→ About this task
Once you find the line with "roze pluizig eenhoorn" in the data that follows, repeat it and every line after it exactly, through the line with "Debbie Barrett-Jones Woven".

→ Material provided

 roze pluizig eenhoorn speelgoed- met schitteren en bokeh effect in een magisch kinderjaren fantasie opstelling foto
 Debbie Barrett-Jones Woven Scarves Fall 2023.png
==
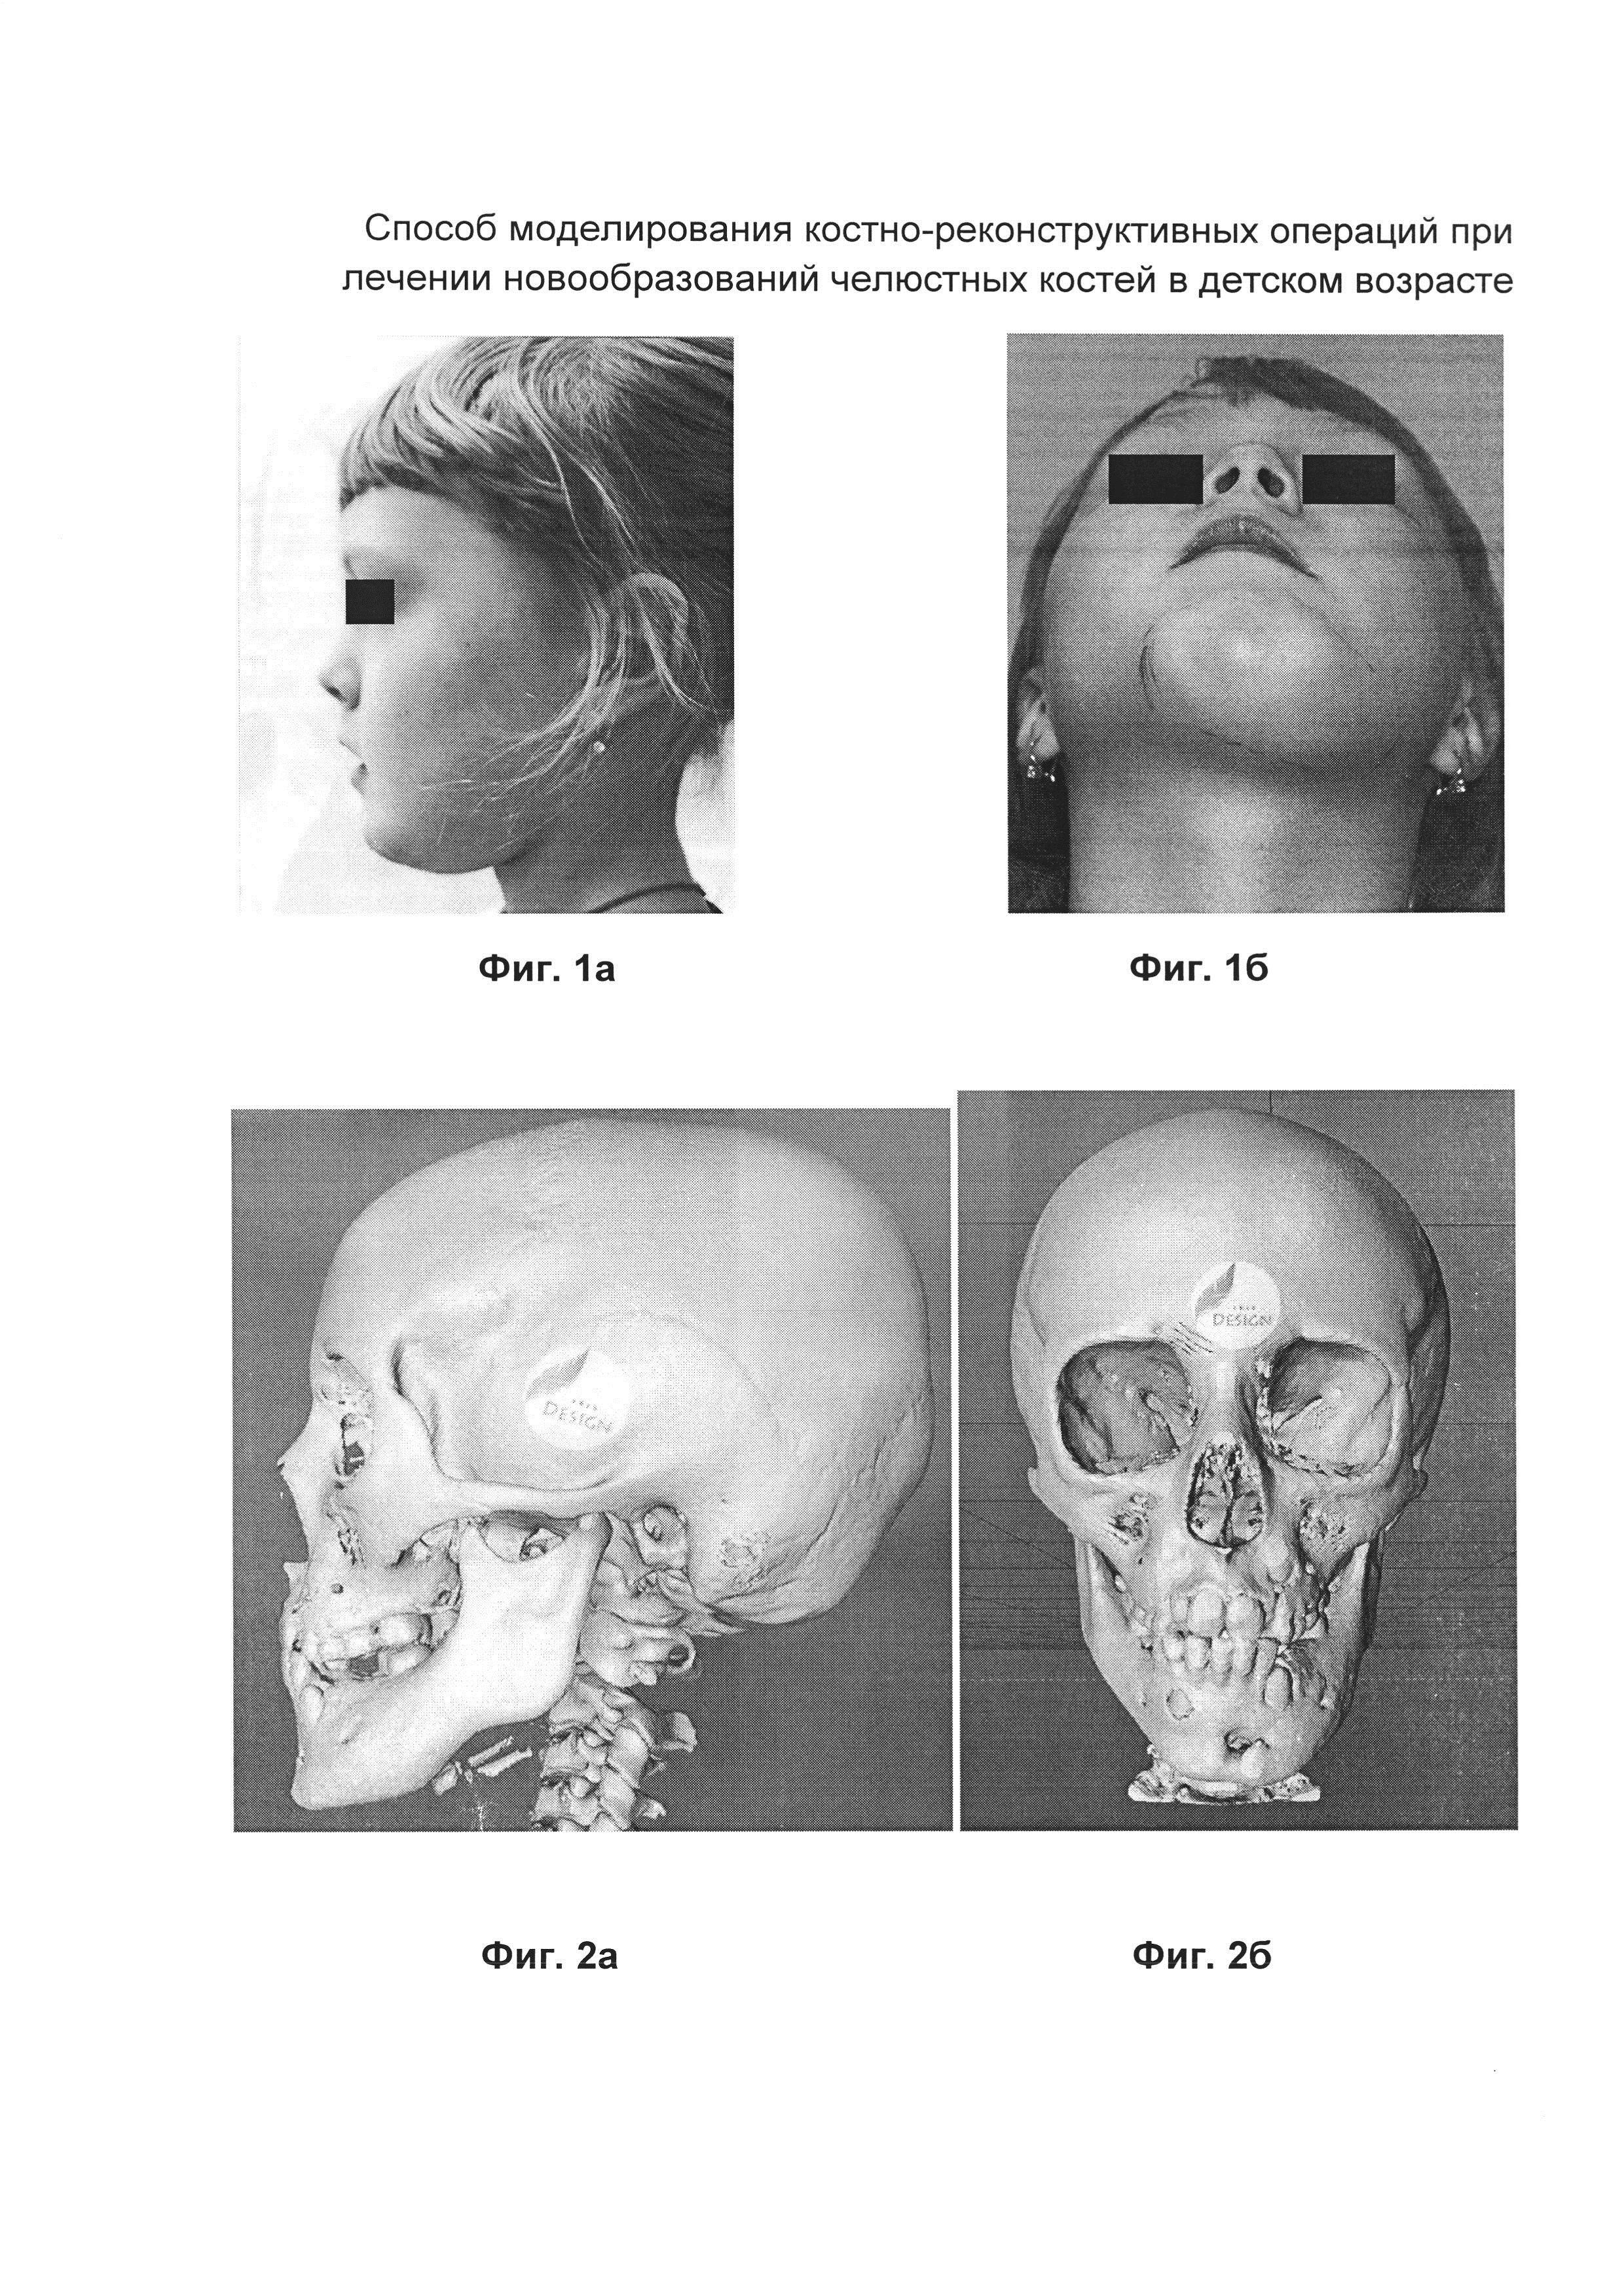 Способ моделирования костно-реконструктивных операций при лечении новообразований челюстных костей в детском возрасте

→ Solved exercise
 roze pluizig eenhoorn speelgoed- met schitteren en bokeh effect in een magisch kinderjaren fantasie opstelling foto
 Debbie Barrett-Jones Woven Scarves Fall 2023.png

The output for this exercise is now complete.